Exercise objective
No pictures belong in the copy. Retype exactly, and only, the stretch of lines below from the one with "Fantastique sculpture biomorphique" through the one with "Il est composé".
··· Entries supplied
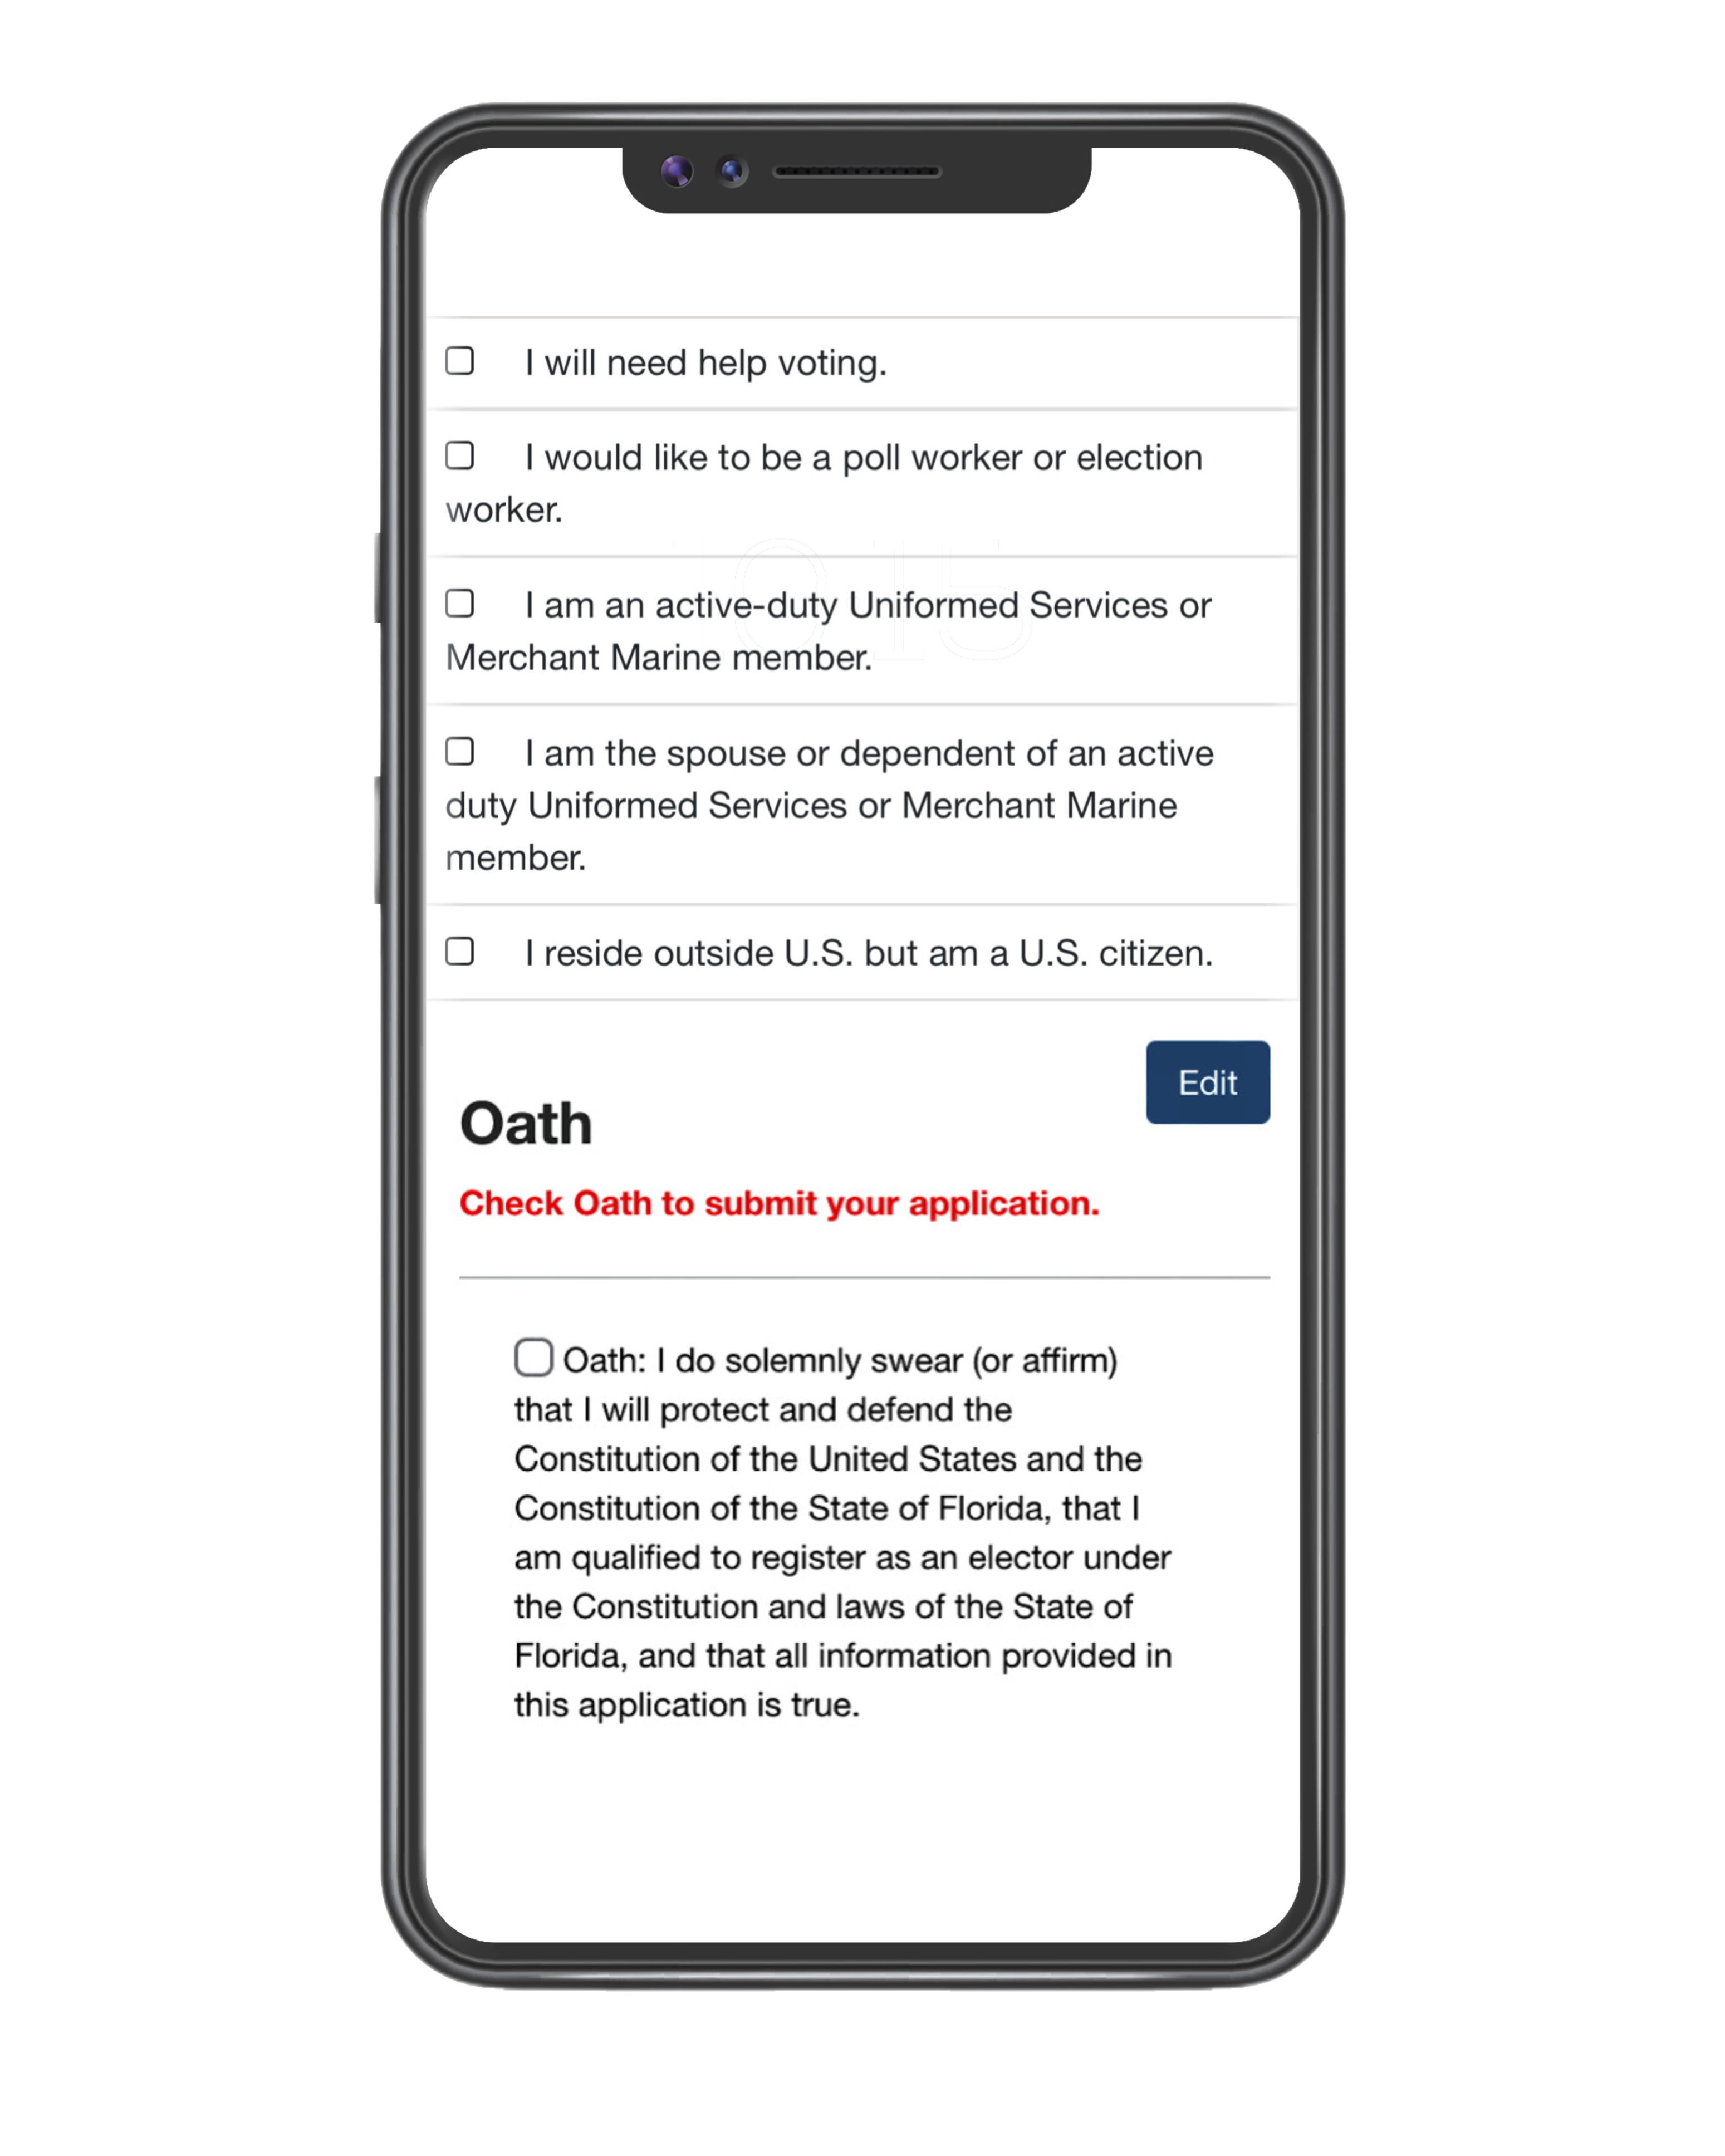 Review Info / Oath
······
··· Entries supplied
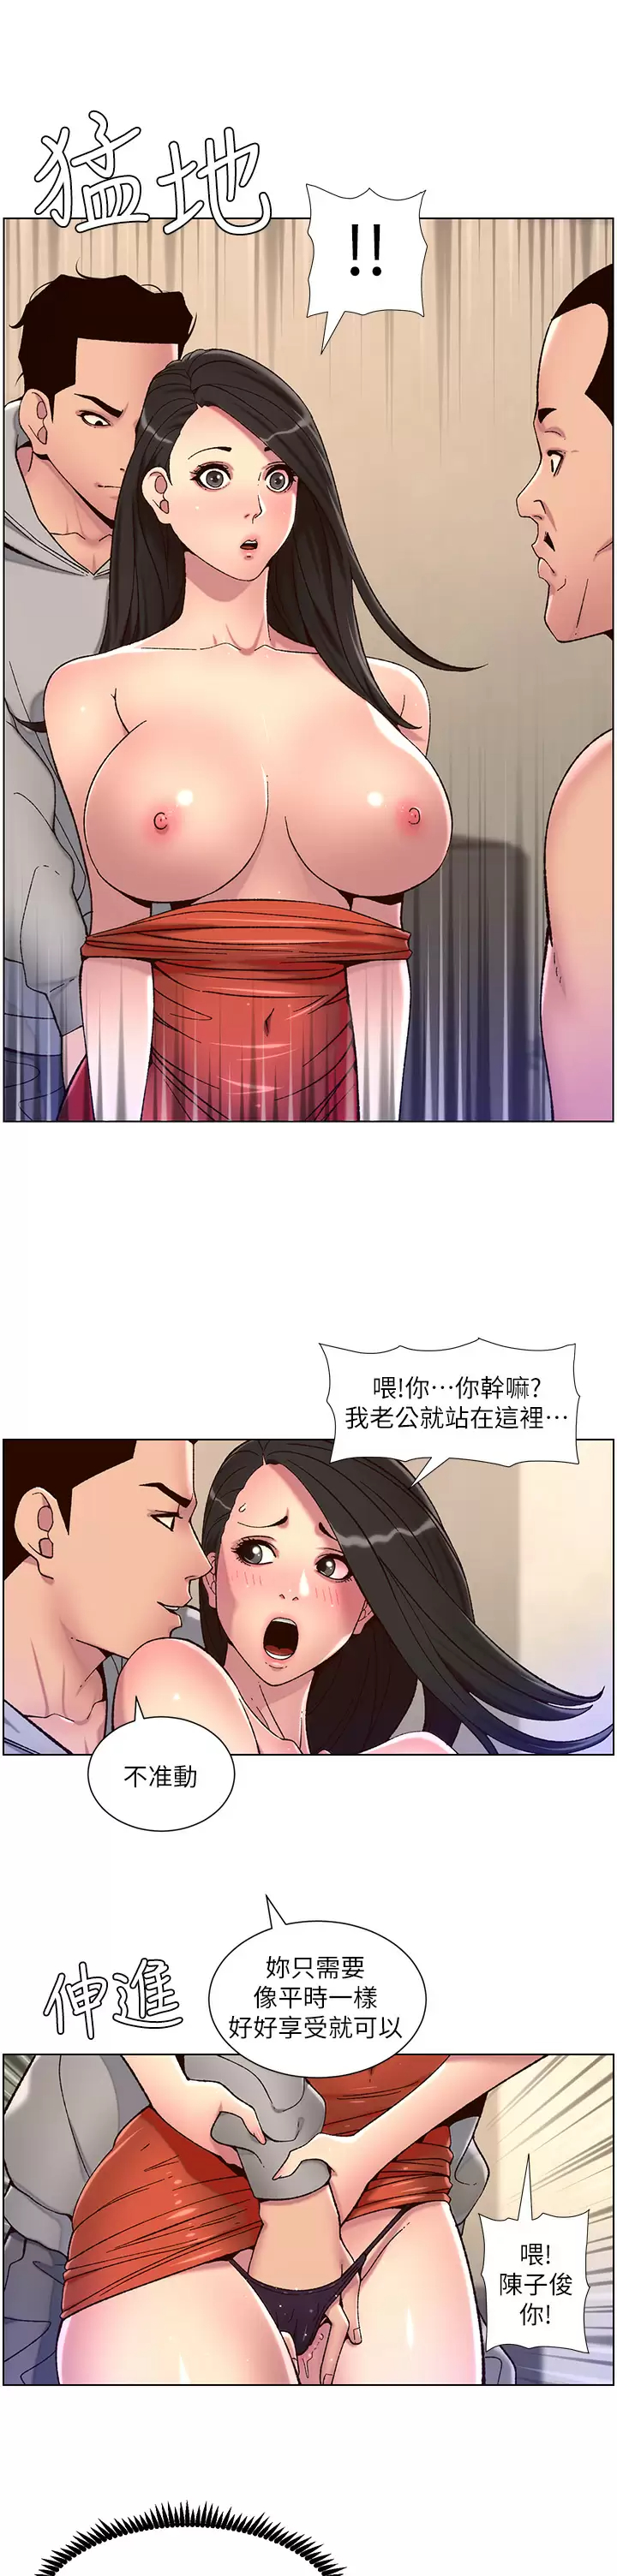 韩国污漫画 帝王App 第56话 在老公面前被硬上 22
······
··· Entries supplied
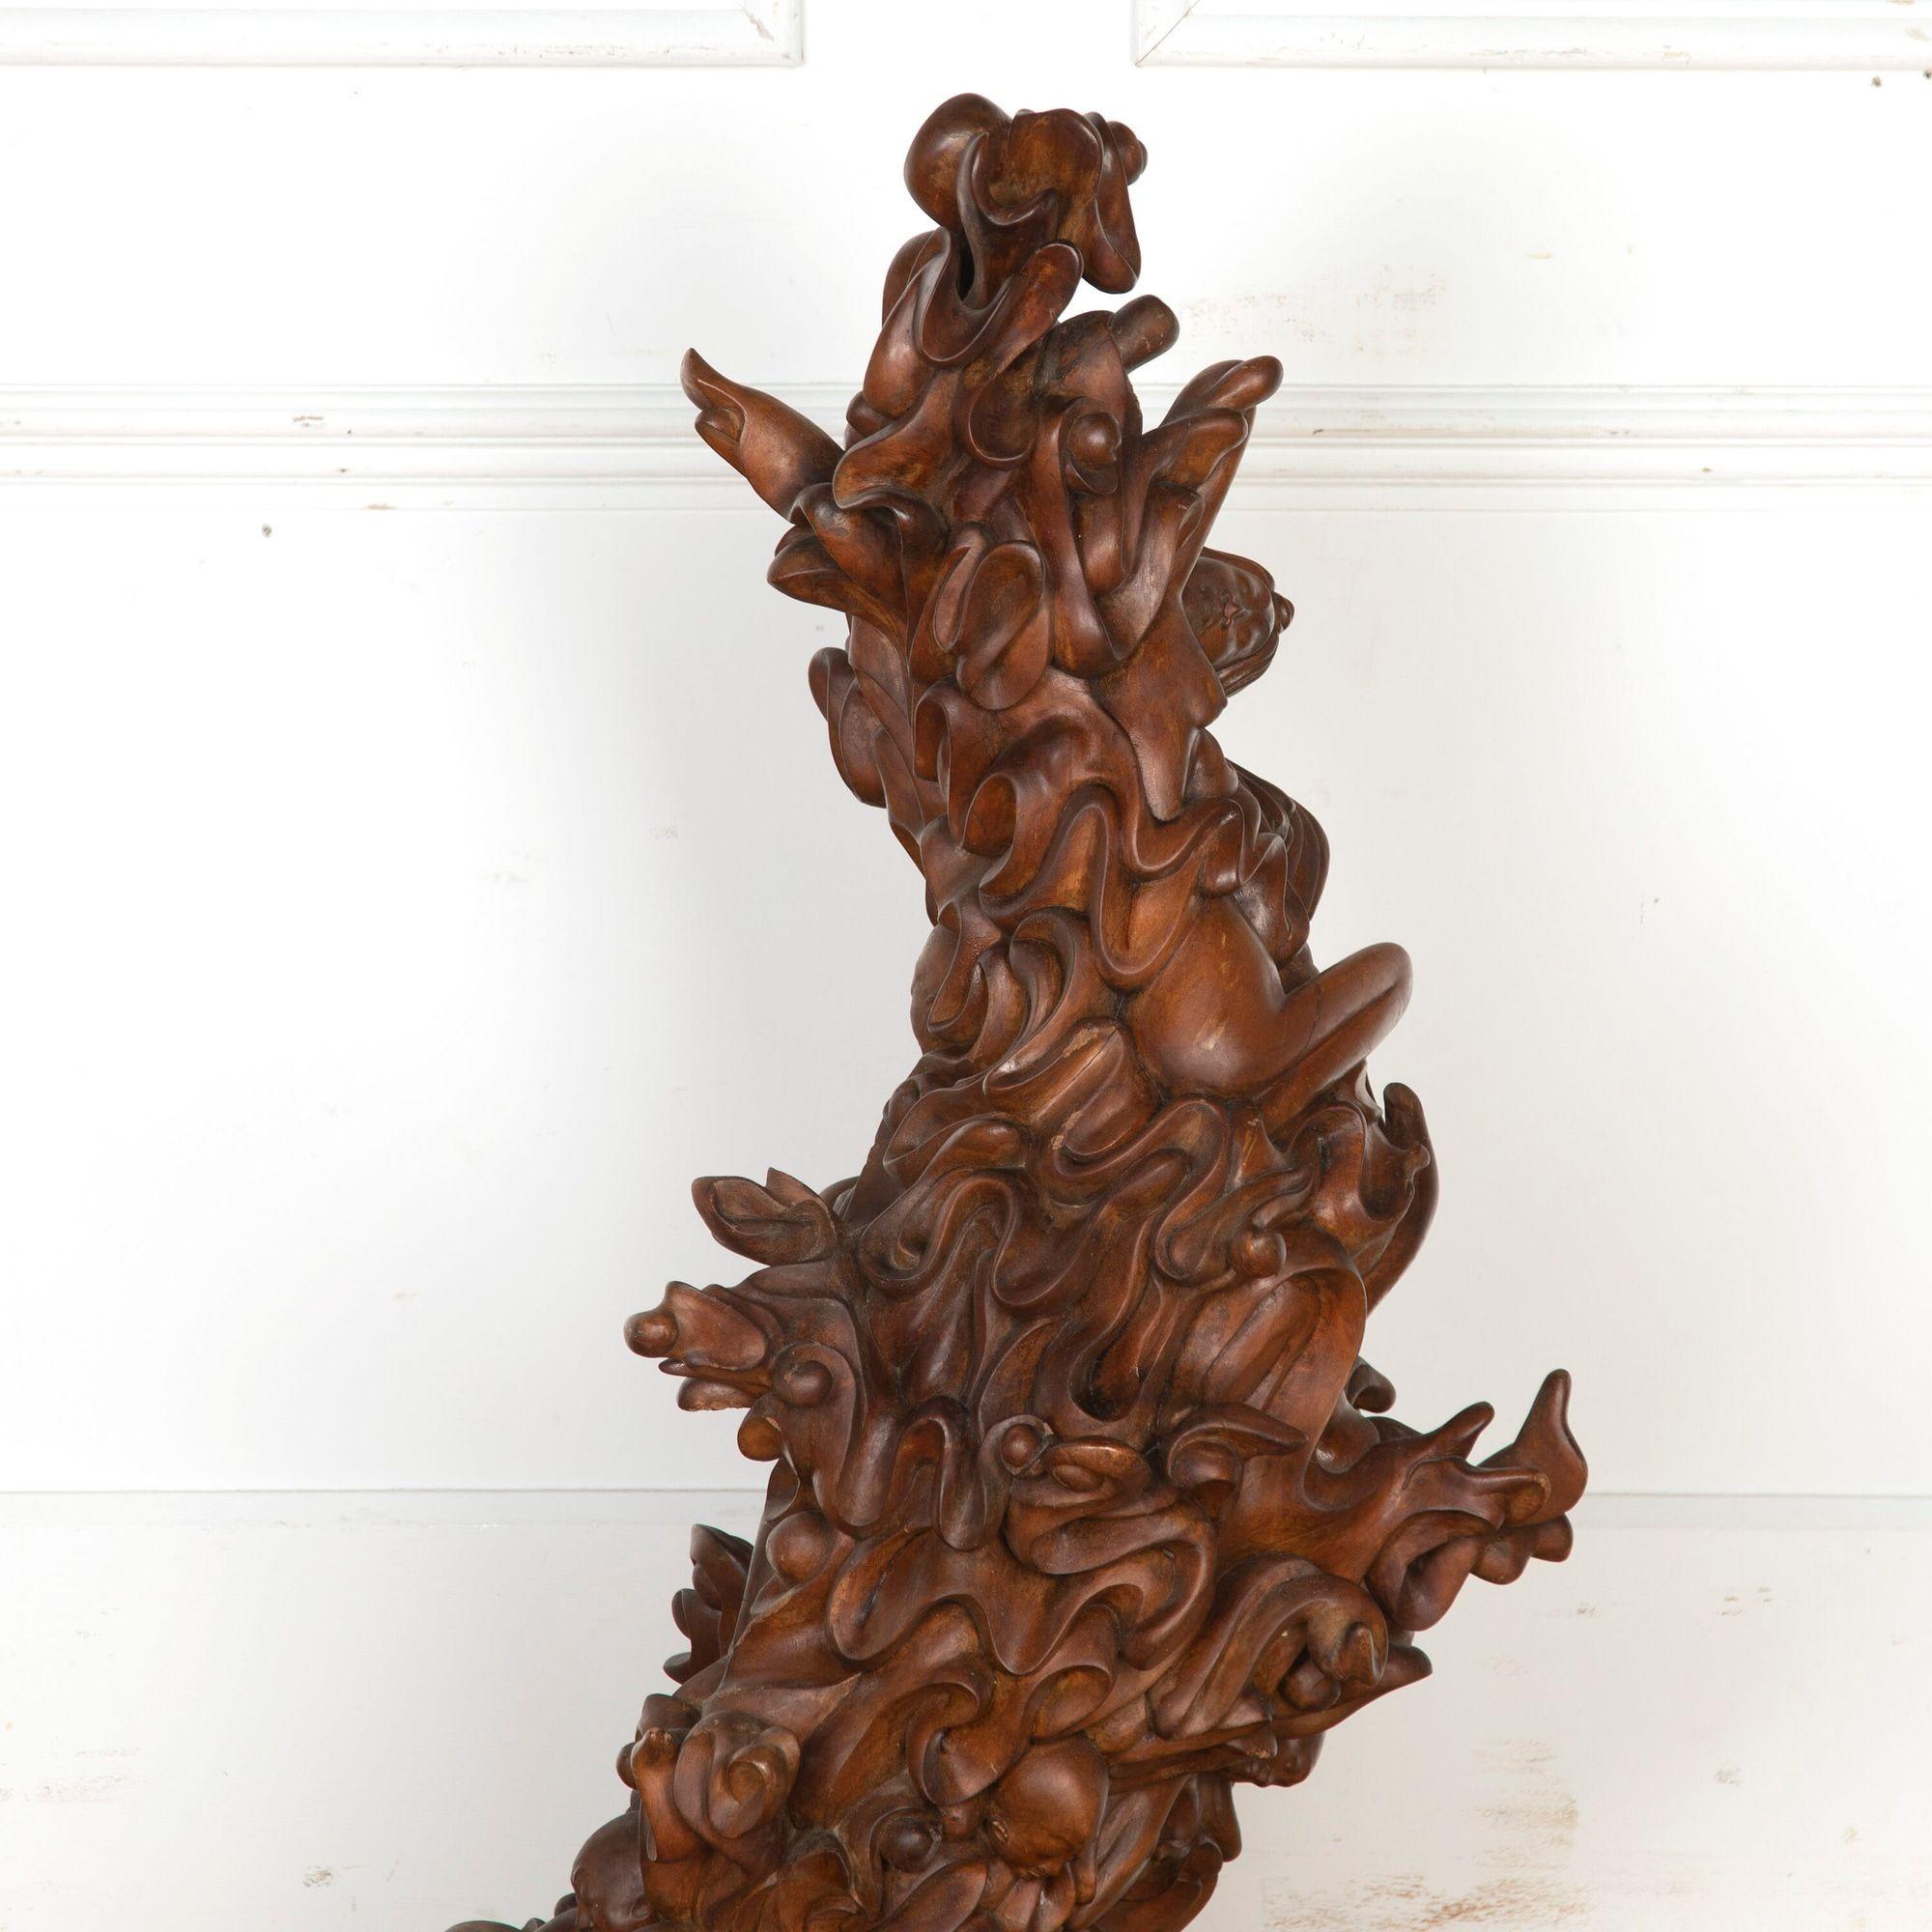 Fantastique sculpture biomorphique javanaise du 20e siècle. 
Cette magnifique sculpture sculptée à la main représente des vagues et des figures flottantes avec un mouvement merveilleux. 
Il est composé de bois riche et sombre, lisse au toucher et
······
Solution to this task
 Fantastique sculpture biomorphique javanaise du 20e siècle. 
Cette magnifique sculpture sculptée à la main représente des vagues et des figures flottantes avec un mouvement merveilleux. 
Il est composé de bois riche et sombre, lisse au toucher et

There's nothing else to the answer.